X, y = make_classification()
rf = RandomForestClassifier(n_estimators=100)
rf.fit(X, y)
baseline = accuracy_score(y, rf.predict(X))
importance = []
for col in range(X.shape[1]):
X_perm = X.copy()
X_perm[:, col] = np.random.permutation(X[:, col])
permuted = accuracy_score(y, rf.predict(X_perm))
importance.append(baseline - permuted)
print(importance)
``````
1. SHAP Values

The SHAP (SHapley Additive exPlanations) Values method is a model-agnostic way to compute feature importance. This method works by computing the contribution of each feature to the prediction for each instance in the dataset. The contribution is measured using the Shapley value, which is a concept from cooperative game theory. The SHAP Values method computes the average contribution over all the instances. The higher the contribution, the more important the feature is.

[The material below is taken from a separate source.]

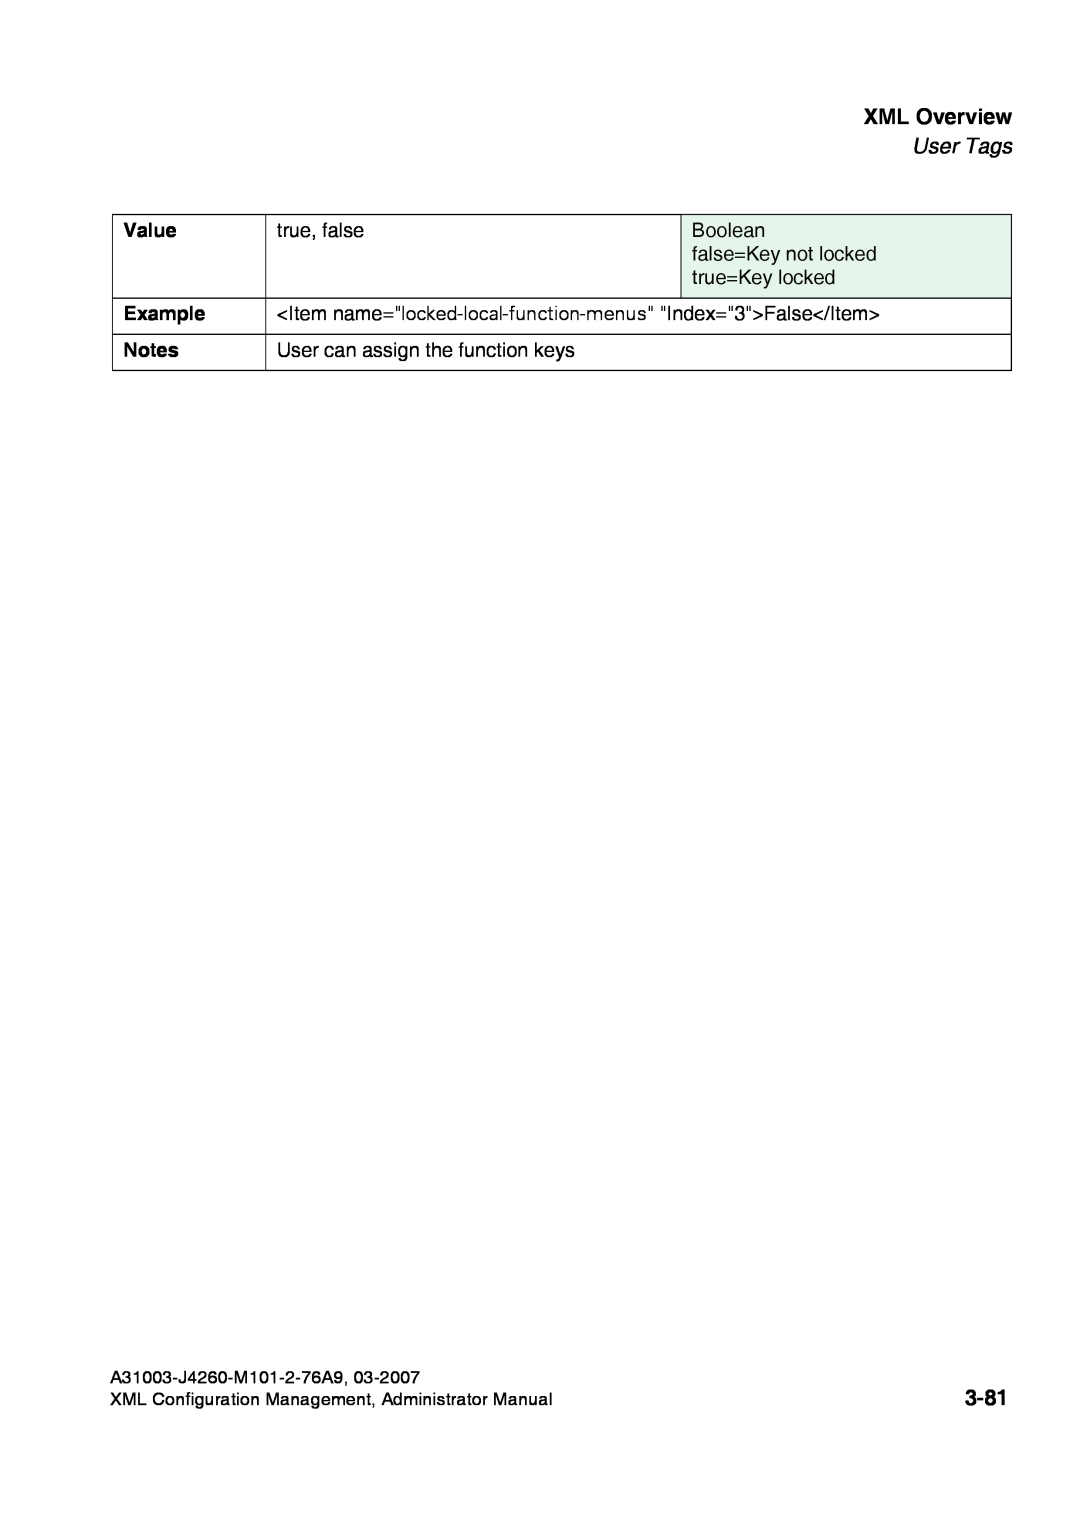 Siemens 410 S V6.0, 420 S V6.0 manual 3-81, XML Overview, User Tags

Here is an example code snippet that demonstrates how to compute feature importance using the SHAP Values method:

``````import shap
from sklearn.ensemble import RandomForestClassifier
from sklearn.datasets import make_classification

X, y = make_classification()
rf = RandomForestClassifier(n_estimators=100)
rf.fit(X, y)
explainer = shap.TreeExplainer(rf)
shap_values = explainer.shap_values(X)
importance = np.abs(shap_values).mean(axis=0)
print(importance)
``````
1. Tree Interpreter

The Tree Interpreter method is a model-specific way to compute feature importance. This method works by interpreting the decision trees in the Random Forest model. The Tree Interpreter method computes the contribution of each feature to the prediction for each instance in the dataset. The contribution is measured using the difference between the prediction with the feature and the prediction without the feature. The Tree Interpreter method computes the average contribution over all the instances. The higher the contribution, the more important the feature is.

Here is an example code snippet that demonstrates how to compute feature importance using the Tree Interpreter method:

``````import treeinterpreter
from sklearn.ensemble import RandomForestClassifier
from sklearn.datasets import make_classification

X, y = make_classification()
rf = RandomForestClassifier(n_estimators=100)
rf.fit(X, y)
prediction, bias, contributions = treeinterpreter.predict(rf, X)
importance = np.abs(contributions).mean(axis=0)
print(importance)
``````

In conclusion, Random Forest is a powerful machine learning algorithm that can compute feature importance. There are six ways to compute Random Forest feature importance with Python: Mean Decrease Impurity, Mean Decrease Accuracy, Permutation Importance, Drop Column Importance, SHAP Values, and Tree Interpreter. Each method has its advantages and disadvantages, and the choice of method depends on the problem at hand. By computing feature importance, we can gain insights into the underlying patterns in the data and improve the performance of our machine learning models.